Conclusion and Recommendation
Therefore,
IT IS RECOMMENDED THAT plaintiff's civil rights complaint be DISMISSED WITH PREJUDICE as frivolous and for failing to state a claim for which relief may be granted.
Under the provisions of 28 U.S.C. Section 636(b)(1)(C) and Rule 72(b), parties aggrieved by this recommendation have fourteen (14) days from service of this report and recommendation to file specific, written objections with the Clerk of Court.
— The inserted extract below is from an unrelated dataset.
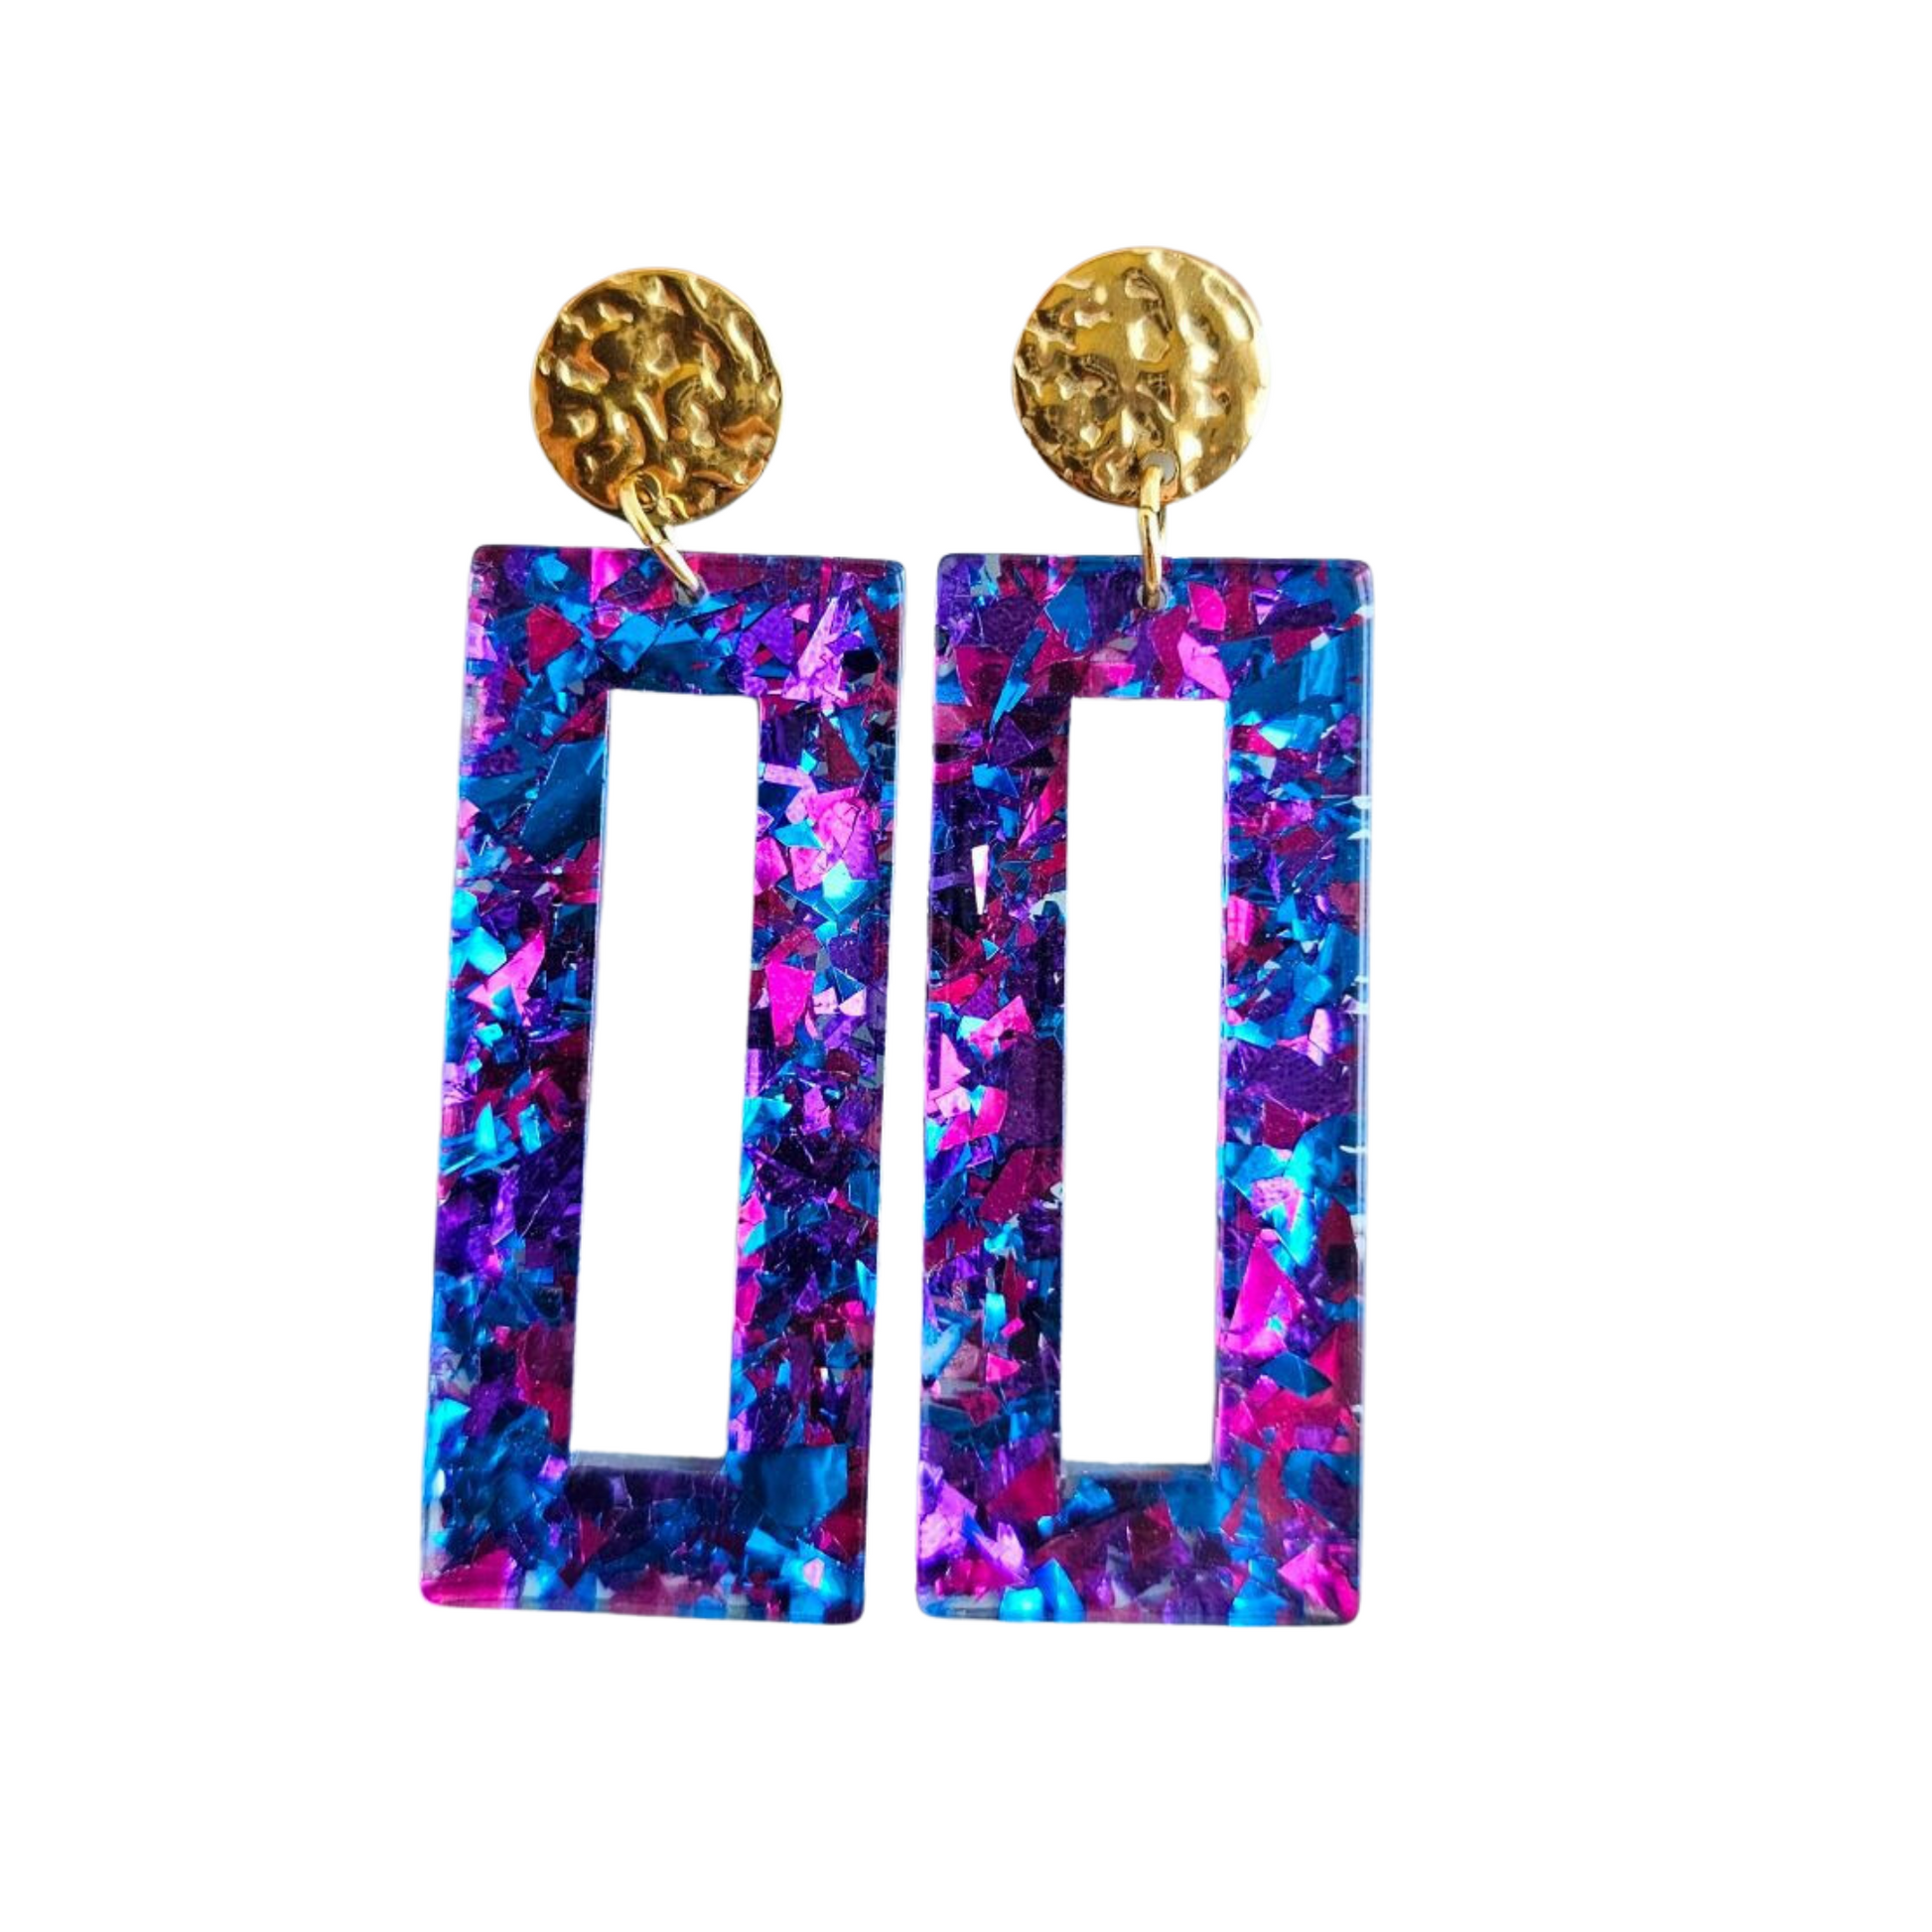 A pair of Confetti Geometric Earrings- Blue from MECHEE

A party may respond to another party's objections within fourteen (14) days after being served with a copy of any objections or response to the district judge at the time of filing.
Failure to file written objections to the proposed factual findings and/or the proposed legal conclusions reflected in this Report and Recommendation within fourteen (14) days following the date of its service, or within the time frame authorized by Fed.R.Civ.P. 6(b) , shall bar an aggrieved party from attacking either the factual findings or the legal conclusions accepted by the District Court, except upon grounds of plain error. See , Douglass v. United Services Automobile Association , 79 F.3d 1415 (5th Cir. 1996).
In Chambers, Monroe, Louisiana, September 25, 2015.